07Which pays a better dividend — OXM or GH?
In this comparison, OXM (6.
0% yield) pays a dividend. GH does not pay a meaningful dividend and should not be held primarily for income.
08Is OXM or GH better for a retirement portfolio?
For long-horizon retirement investors, Guardant Health, Inc.
(GH) is the stronger choice — it scores higher on the combination of lower volatility, dividend reliability, and long-term compounding (low volatility (β 0. 86), +186. 5% 10Y return). Oxford Industries, Inc. (OXM) carries a higher beta of 1. 68 — meaning larger drawdowns in market downturns, which matters significantly when you cannot wait years for a recovery. Both have compounded well over 10 years (GH: +186. 5%, OXM: +2. 4%), confirming both are viable long-term holds — but the lower-volatility option typically results in less emotional selling during corrections. Retirement portfolios generally favour predictability over maximum returns. Consult a financial advisor before making allocation decisions.

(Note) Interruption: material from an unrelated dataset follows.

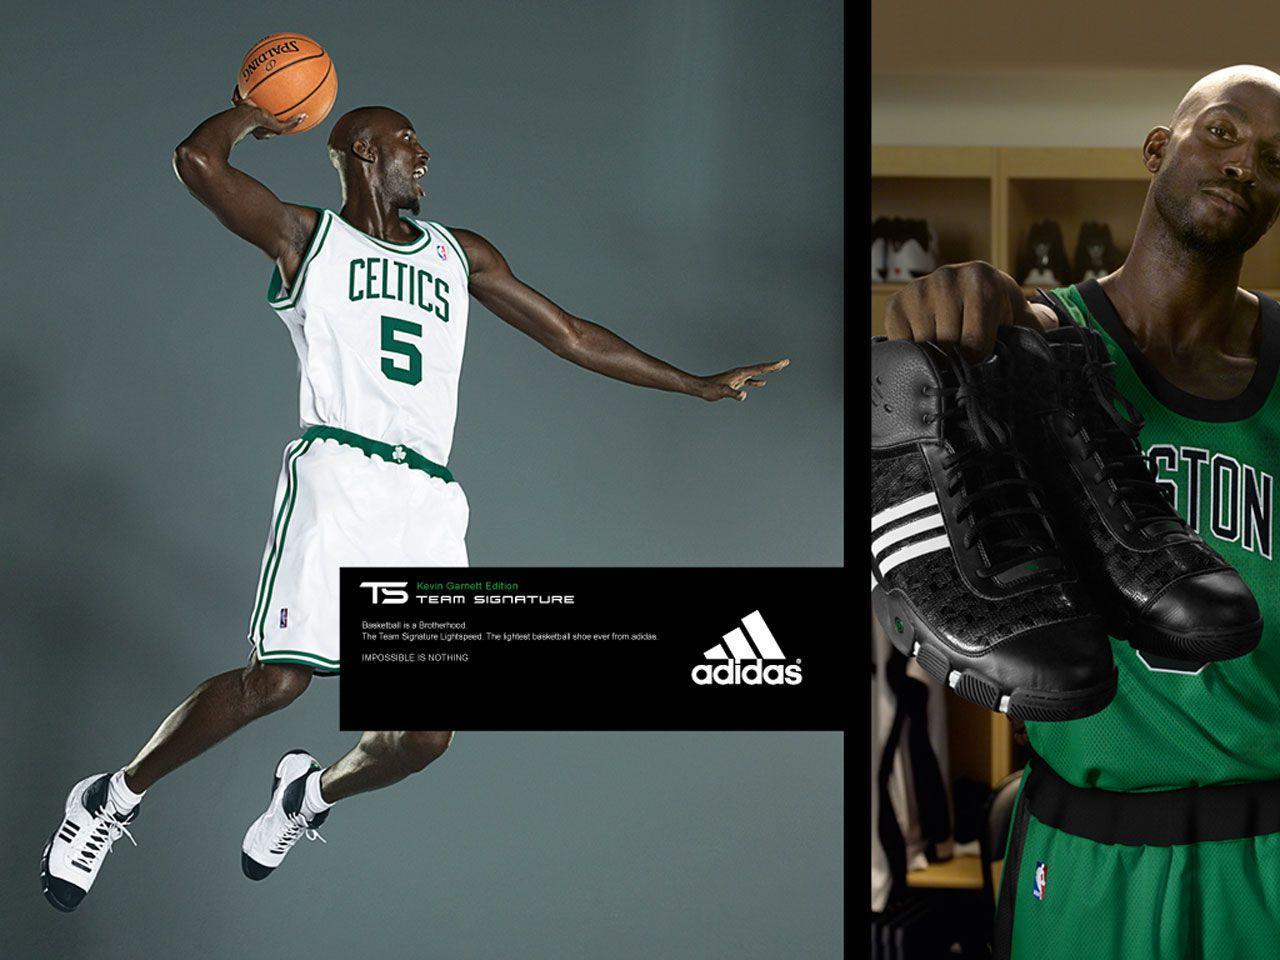 Kevin Garnett Adidas Dunk Wallpaper. Basketball Wallpaper at
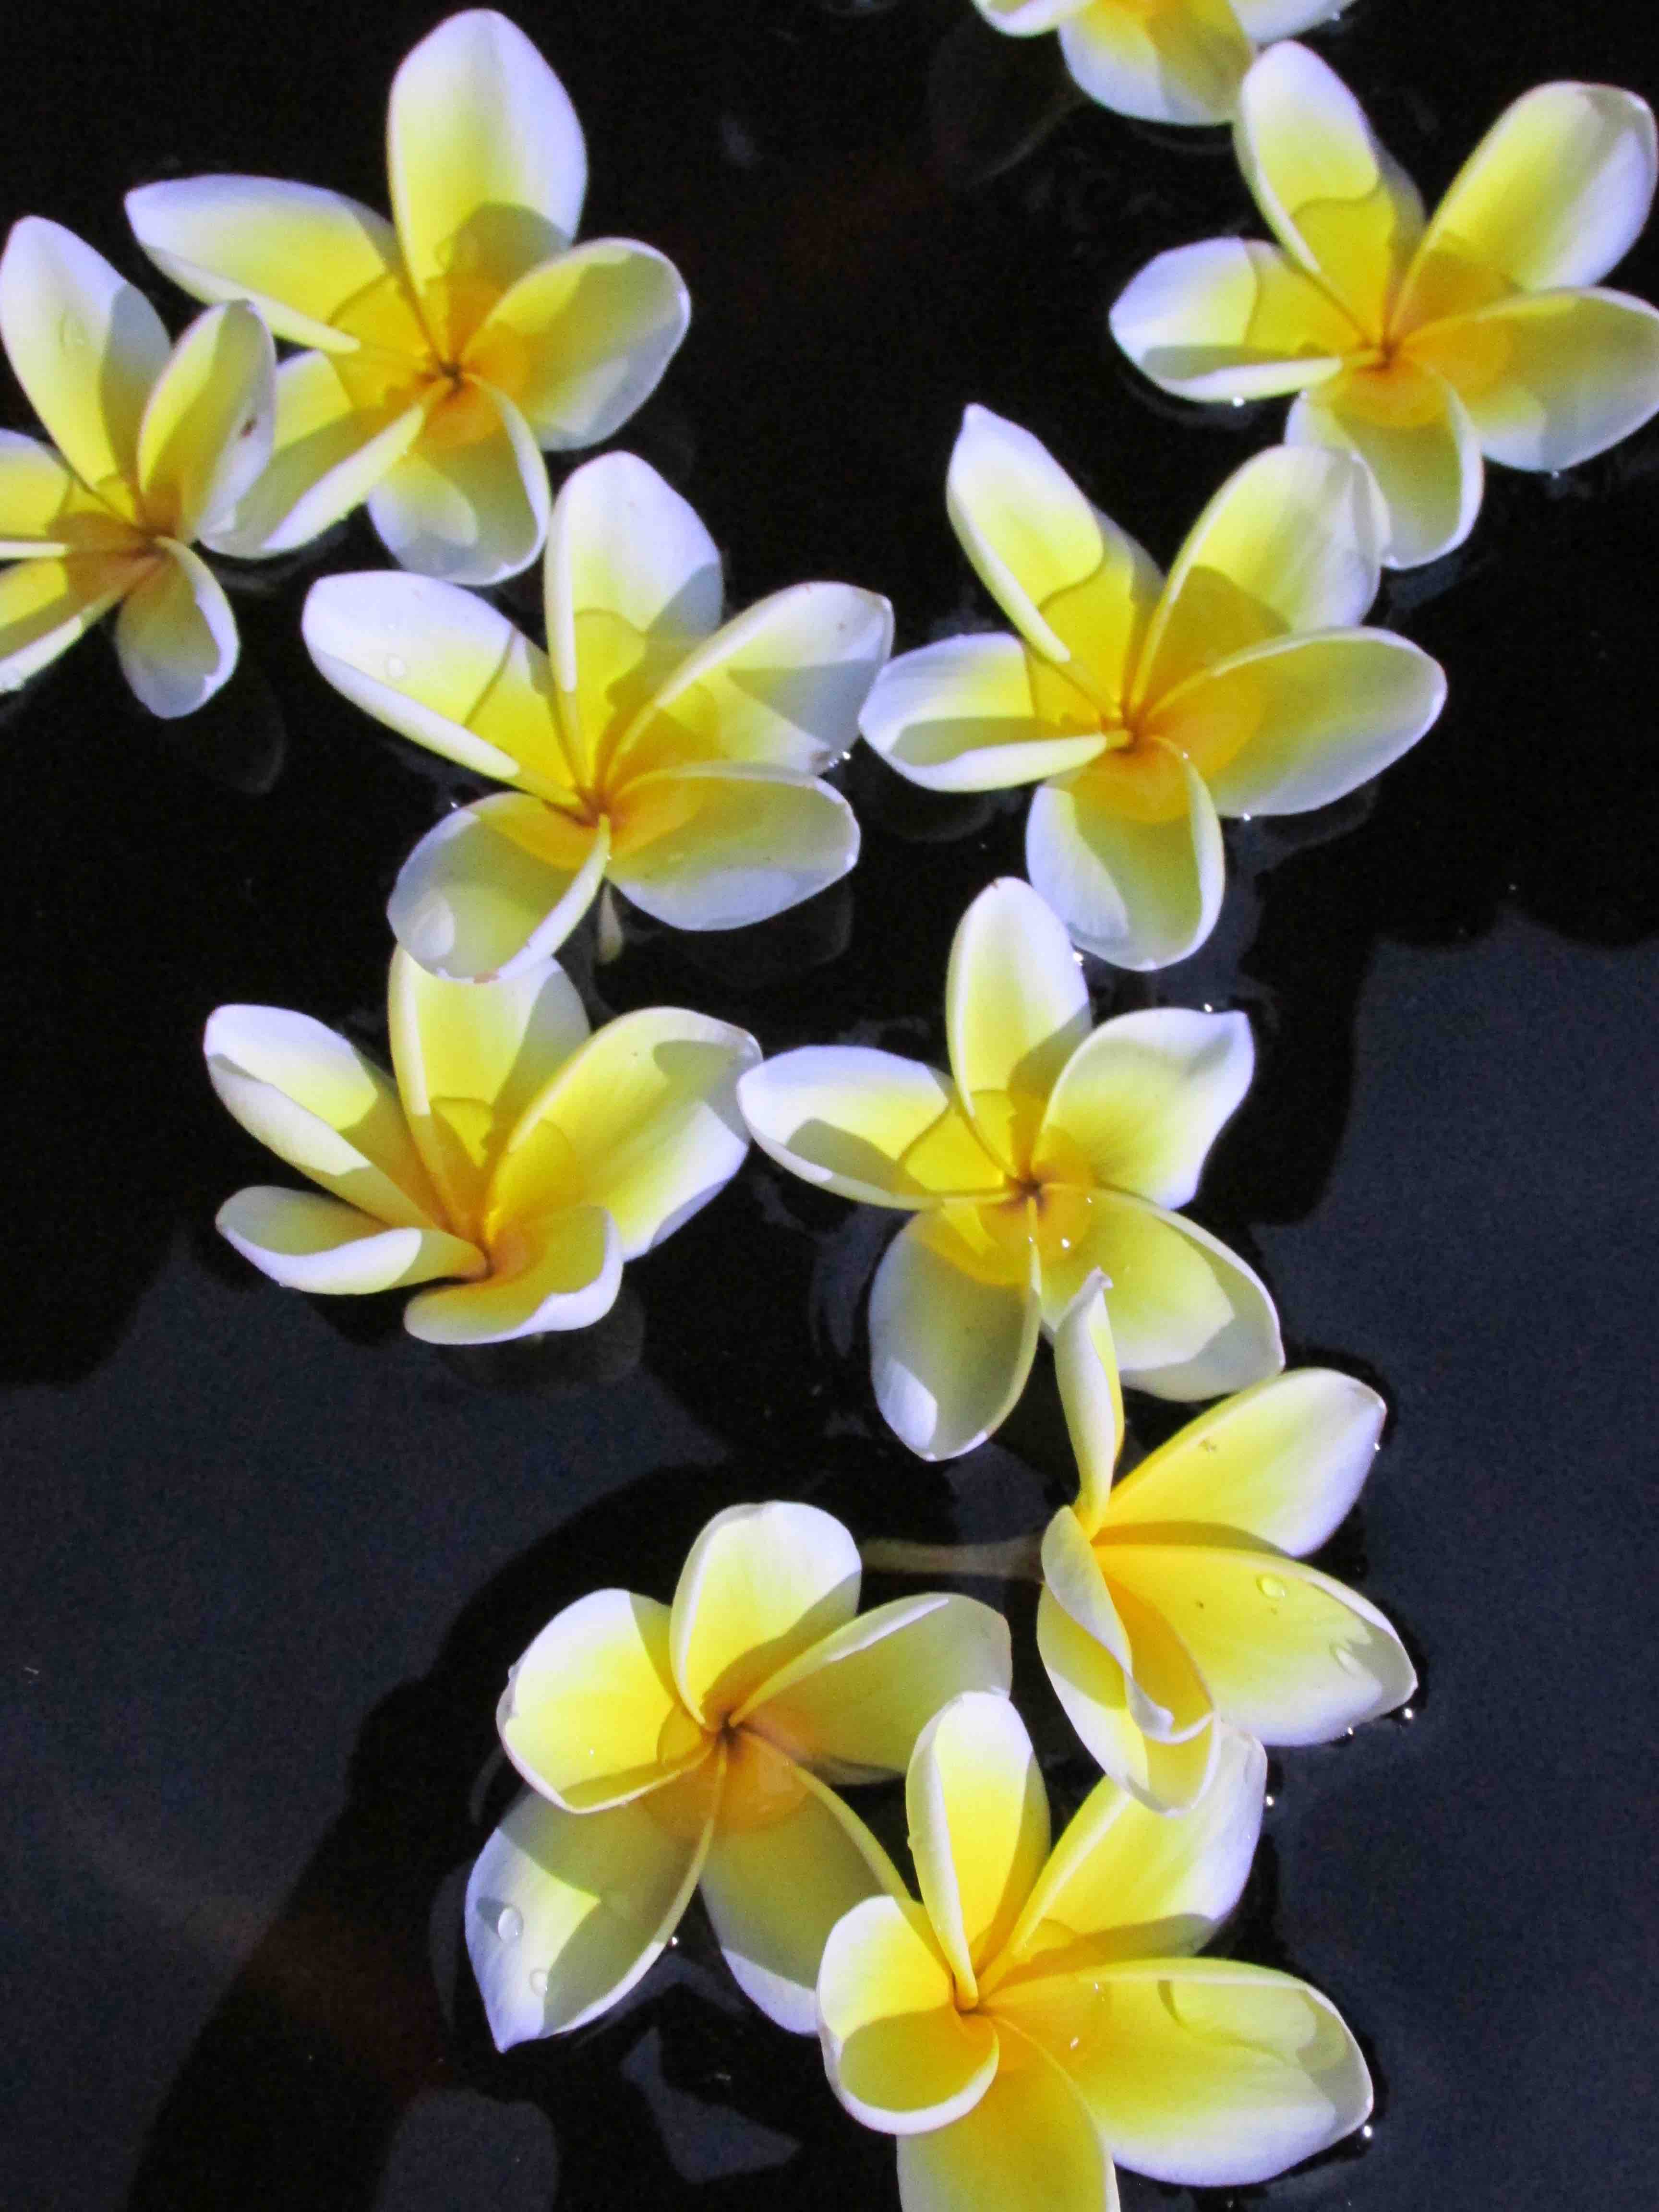 Les fleurs frangipanier représente le dévouement et la dévotion à la culture hindoue

09What are the main differences between OXM and GH?
These companies operate in different sectors (OXM (Consumer Cyclical) and GH (Healthcare)), which means they face different economic cycles, regulatory environments, and macro sensitivities — making direct comparison nuanced.
In terms of investment character: OXM is a small-cap deep-value stock; GH is a mid-cap high-growth stock. OXM pays a dividend while GH does not, making them suitable for different income and tax situations. These fundamental differences mean investors should not choose between them on a single metric — the "better stock" depends entirely on which of these characteristics aligns with your investment strategy.